---- INFORMATION PROVIDED
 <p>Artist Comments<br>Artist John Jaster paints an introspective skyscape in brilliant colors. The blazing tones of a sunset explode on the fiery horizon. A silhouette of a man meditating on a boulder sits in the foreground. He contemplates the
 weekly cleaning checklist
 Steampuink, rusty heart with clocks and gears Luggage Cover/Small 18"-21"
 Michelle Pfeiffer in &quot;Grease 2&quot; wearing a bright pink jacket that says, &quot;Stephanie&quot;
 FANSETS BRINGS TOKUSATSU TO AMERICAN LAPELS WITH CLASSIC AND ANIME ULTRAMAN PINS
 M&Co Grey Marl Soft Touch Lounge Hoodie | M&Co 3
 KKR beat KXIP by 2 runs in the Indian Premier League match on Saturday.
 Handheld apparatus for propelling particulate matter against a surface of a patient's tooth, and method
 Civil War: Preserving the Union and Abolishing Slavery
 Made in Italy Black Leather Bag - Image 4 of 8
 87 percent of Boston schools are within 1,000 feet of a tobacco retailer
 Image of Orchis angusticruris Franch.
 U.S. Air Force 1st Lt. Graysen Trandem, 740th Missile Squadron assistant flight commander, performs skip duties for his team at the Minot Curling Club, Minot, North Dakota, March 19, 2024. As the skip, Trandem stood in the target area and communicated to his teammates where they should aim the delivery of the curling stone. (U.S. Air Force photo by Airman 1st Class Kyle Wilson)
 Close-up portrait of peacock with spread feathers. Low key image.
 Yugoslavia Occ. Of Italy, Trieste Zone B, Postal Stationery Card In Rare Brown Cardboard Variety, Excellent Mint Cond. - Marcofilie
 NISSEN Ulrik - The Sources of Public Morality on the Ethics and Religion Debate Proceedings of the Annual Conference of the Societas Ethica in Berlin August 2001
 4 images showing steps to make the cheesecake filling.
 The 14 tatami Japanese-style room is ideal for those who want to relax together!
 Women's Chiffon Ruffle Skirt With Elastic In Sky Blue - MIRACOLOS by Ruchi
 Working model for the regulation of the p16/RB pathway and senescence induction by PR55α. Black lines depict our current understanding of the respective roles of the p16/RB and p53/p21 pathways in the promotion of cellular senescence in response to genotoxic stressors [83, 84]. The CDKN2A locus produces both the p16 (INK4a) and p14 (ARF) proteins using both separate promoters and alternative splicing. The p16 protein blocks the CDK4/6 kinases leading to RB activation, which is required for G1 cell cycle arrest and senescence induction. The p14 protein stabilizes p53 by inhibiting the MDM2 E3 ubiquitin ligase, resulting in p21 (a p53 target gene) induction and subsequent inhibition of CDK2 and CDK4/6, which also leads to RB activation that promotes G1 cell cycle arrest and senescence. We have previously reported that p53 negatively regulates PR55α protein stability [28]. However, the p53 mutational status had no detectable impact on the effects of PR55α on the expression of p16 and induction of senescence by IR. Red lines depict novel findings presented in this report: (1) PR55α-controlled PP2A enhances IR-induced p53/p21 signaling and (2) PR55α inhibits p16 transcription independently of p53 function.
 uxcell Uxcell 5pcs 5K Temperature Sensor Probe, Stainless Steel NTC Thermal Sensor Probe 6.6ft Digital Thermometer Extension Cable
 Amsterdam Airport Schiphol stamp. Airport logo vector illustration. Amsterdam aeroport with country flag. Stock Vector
--------
WORK INSTRUCTIONS —
Once you find the line with "4 images showing" in the entries above, output it and each line after it up to and including the line with "Women's Chiffon Ruffle", and nothing else.

YOUR SOLUTION —
 4 images showing steps to make the cheesecake filling.
 The 14 tatami Japanese-style room is ideal for those who want to relax together!
 Women's Chiffon Ruffle Skirt With Elastic In Sky Blue - MIRACOLOS by Ruchi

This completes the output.